Выбрать главу

– Сядь на место.

Марин заставил себя сесть обратно. Позвоночник холодило, словно он был голоден неделю.

– Не так, – Раду вывел когтем круг.

Зелень глаз слабо вспыхивала красными искрами. Маринель непонимающе вздернул брови.

– Отвернись, – уже приказ.

Рыжий извернулся, уткнувшись лбом в высокую спинку кресла. Теперь он не видел Раду, только слышал легкий шорох его одежды.

– Вот так лучше.

– Так я вас не вижу, – Маринель пытался пошутить, но выходило не ахти, он слишком опасался настроения Раду и пытался разгадать, что ему уготовано.

– И хорошо. Одиночество – ты должен был привыкнуть. Ведь так? Когда ставишь на кон жизнь просто со скуки, беспечности ради, значит, тебе некого и нечего терять.

Марин поерзал на коленях, вцепился в обивку. Раду приблизился. Рыжий открытой спиной чувствовал его прохладу. Рука прошлась по позвоночнику, как бусины в четках, перебирая позвонки, и вдруг когти вошли глубоко, потянули вниз глубокие борозды. Рыжий ахнул от неожиданной острой боли, изогнулся. На глаза легла плотная шелковистая ткань. Узел врезался в затылок, а под подбородок скользнула ладонь, удерживая голову запрокинутой. Раду прижался грудью и зашептал, едва слышно.

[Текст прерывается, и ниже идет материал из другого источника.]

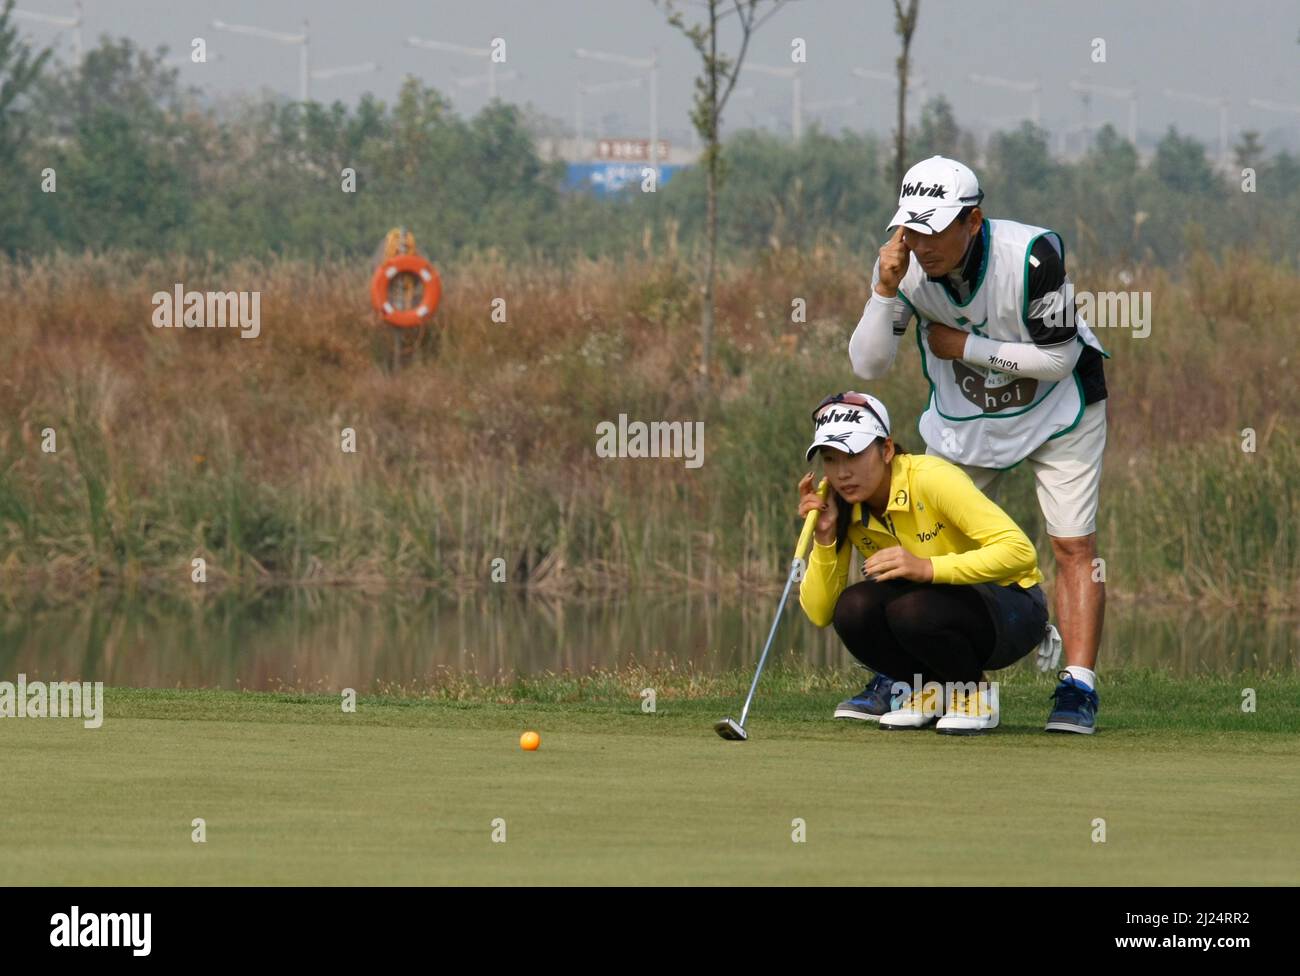 8 octobre 2011-Incheon, Corée du Sud-CHOI, Chella de Corée du Sud, a aligné un putt sur le 3th trous lors du championnat LPGA par Hana Bank au club de golf SKY72 à Incheon le 8 octobre 2011, Corée du Sud. Banque D'Images

– Так еще ближе к тому, как ты привык. Не видеть совсем.

– Я вас все равно чувствую, – Марин повел плечом, прижался сам, подавшись назад.

– О да? – вопрос сочился ядовитой издевкой. – Давай проверим, как именно ты чувствуешь.

Шелковые шальвары, пояс, шитые рукава – все полетело прочь. Маринель ощущал, как по обнаженному телу гуляет легкий сквозняк. Раны саднили. Но он знал, что это только начало. Раду обошел его по кругу, касаясь легко и небрежно. На спине, плечах и ягодицах расцветали красные узоры. Сплетались, обрастали, как росой, алыми густыми каплями. Теплые ручейки стекали по рукам и по ложбинке позвоночника. Боль притупилась, стала фоном. Сквозь нее пробивалось волнение.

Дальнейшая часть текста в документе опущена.